2. Prepare you for life events
Life is full of surprises, both good and bad. Financial literacy can help weather the storms by teaching you how to plan for unexpected expenses and make the most of your money. For example, if you lose your job, having a solid financial foundation will allow you to weather the storm and stay afloat until you find new employment.
3. Help you avoid debt
If you understand how to use credit responsibly, you will be less likely to get into debt or fall behind on your payments. This is important because debt can majorly impact your financial well-being. For one, you’ll pay more interest if you carry a monthly balance on your credit cards. You can also better gauge between needs and wants so you don’t end up maxing your cards.
4. Assist you to reach your financial goals
Everyone has different financial goals, whether saving for a down payment on a house, paying off student loans, or putting away money for retirement. Whatever your goals may be, financial literacy can help you achieve them. Suppose you want to save for a down payment on your first house. In that case, there are a lot of banks and other financial institutions that offer special accounts for this purpose.
Opening a savings account and regularly contributing to it is a great way to reach your goal. However, the ideal percentage for starting a savings account will vary depending on your goals and how much money you have to save. However, most financial experts recommend saving at least 10-20% of your income.
Financial literacy for the community
Teaching financial literacy in the community has several benefits. It can help individuals and families better manage their money and make informed financial decisions. It can also help businesses by creating a more financially literate workforce, and it can help the economy by promoting sustainable spending and investing. Here’s how you can start teaching financial literacy in your community:
1. Volunteer with local organizations
Several organizations offer financial literacy programs. These programs offer a variety of resources, such as classes, workshops, and online resources. Many organizations offer financial literacy programs. You can contact your local United Way, YMCA, or Chamber of Commerce to find out about opportunities in your area.
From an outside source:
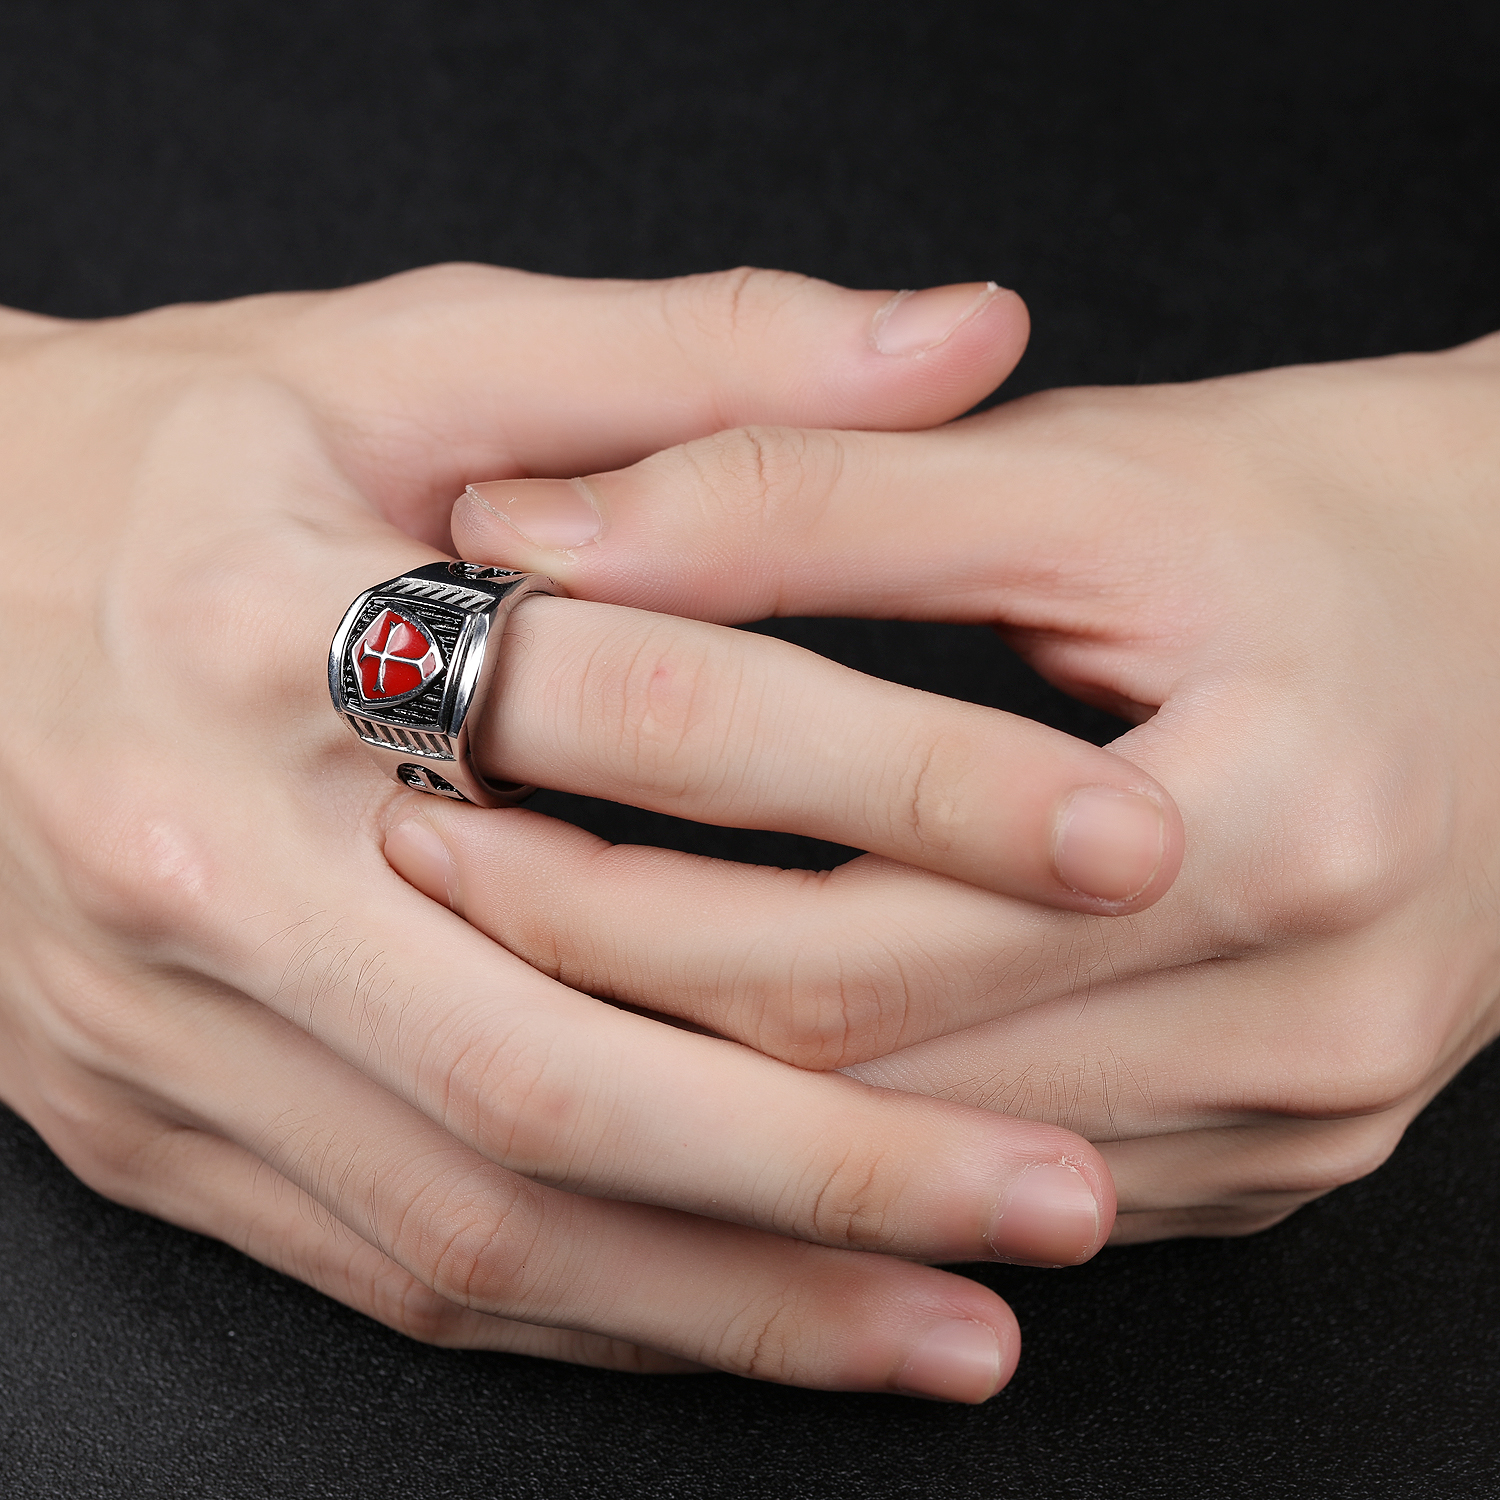 кольцо на большом пальце геи фото 53

2. Host financial literacy events
One way to promote financial literacy in your community is to host events that focus on personal finance topics. These events can be anything from educational workshops to fun activities like budgeting games. For example, you could talk about budgeting, credit management, investing, or retirement planning.
3. Advocate for financial education in schools
One of the best ways to promote financial literacy is to advocate for financial education in schools. One way to promote financial literacy in your community is to host events that focus on personal finance topics. These events can be anything from educational workshops to fun activities like budgeting games. In 2021, only 50% of Americans could correctly answer the TIAA Institute-GFLEC Personal Finance Index questions. That’s why every community must start teaching the younger ones about personal finance, starting even as early as high school, financial literacy advocates say.
4) Write about financial literacy topics
If you’re a good writer, you can use your talents to promote financial literacy in your community. You can write articles, blog posts, or even books about personal finance topics. This is a great way to reach people who might not otherwise be interested in financial education. And it’s a great way to share your knowledge with the world.
The community must empower individuals and families to make sound financial decisions. By teaching financial literacy, everyone can build a more robust economy for every member of the community. Be the change you’re looking for. Start today and be on your way to making sound financial decisions for yourself and your community.